В этот момент мы поняли, что снова забыли купить лестницу. У нас никогда не было лестницы. Каждый год мы обходились без; каждый год мы решили купить лестницу в следующий раз. Каждый год после того, как отключали свет, мы снова забывали о лестнице.
Это нас не остановило. Мы были полны решимости посрамить Уайзманов.

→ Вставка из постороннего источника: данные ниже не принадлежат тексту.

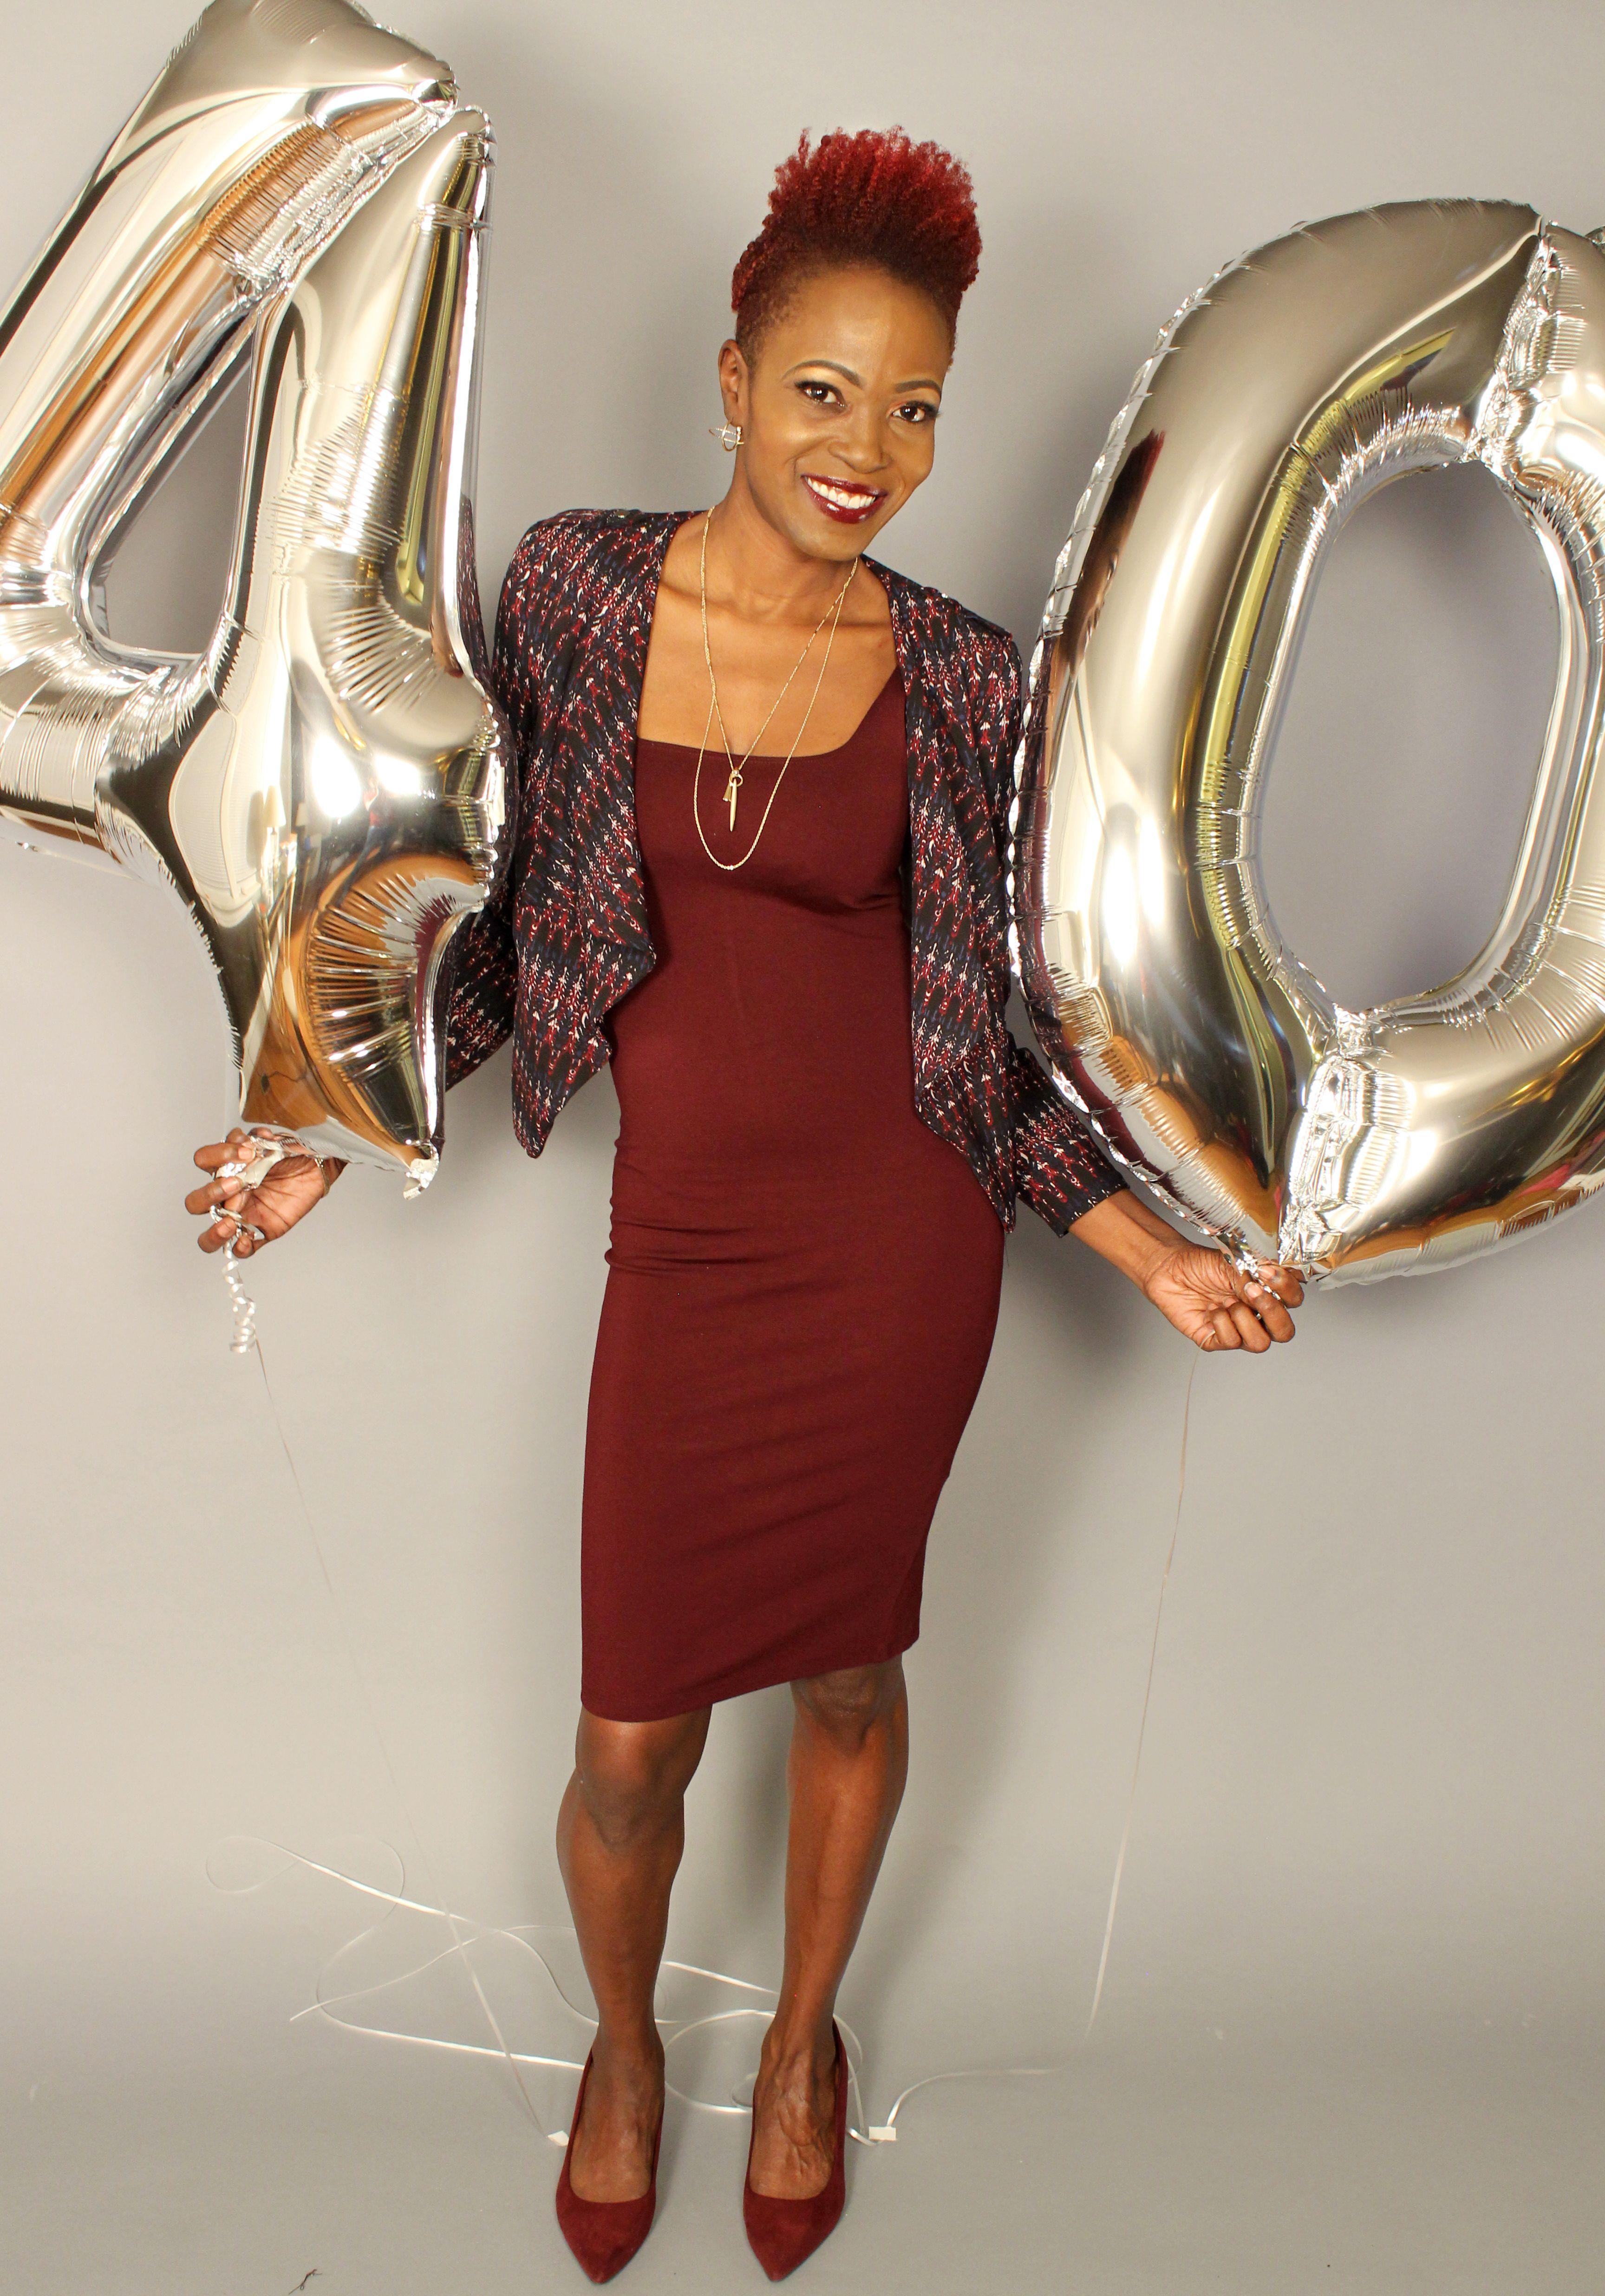 40th Birthday Photoshoot Birthday Photoshoot Photography Inspiration Fashion [ 4944 x 3456 Pixel ]

Мы стояли на перилах крыльца, висели фонари. Мы украсили кедровые кусты гирляндами, прикрывая места, которые мои братья срезали, чтобы сделать рождественскую елку в знак протеста. Мы повесили пластикового ангела и оленя, сделанных из огней, и привязали их, чтобы их не качало на ветру. Затем пришло время украшать кизиловое дерево. На вершину поднялся старший из моих младших братьев, единственный из нас, кто не боялся высоты. Я свернул нить света в шар и бросил в него; он поймал его и бросил обратно. Я снова бросил его ему, и так далее, пока прядь не опутала все дерево.
Результаты были нетрадиционными. В один год нам каким-то образом удалось сделать дерево похожим на гигантскую разноцветную связку бананов. В другом году наша соседка пригласила нас наверх в свою спальню, чтобы мы могли выглянуть в окно и увидеть, что именно под этим углом огни на дереве выглядели как падающий человечек из палочек.
Мы так и не победили Wisemans.
Тем не менее, моя мать ни разу не выполнила свою угрозу отменить Рождество.
Какое отношение все это имело к дню рождения Господа, я понятия не имею, но по крайней мере мы не были похожи на язычников.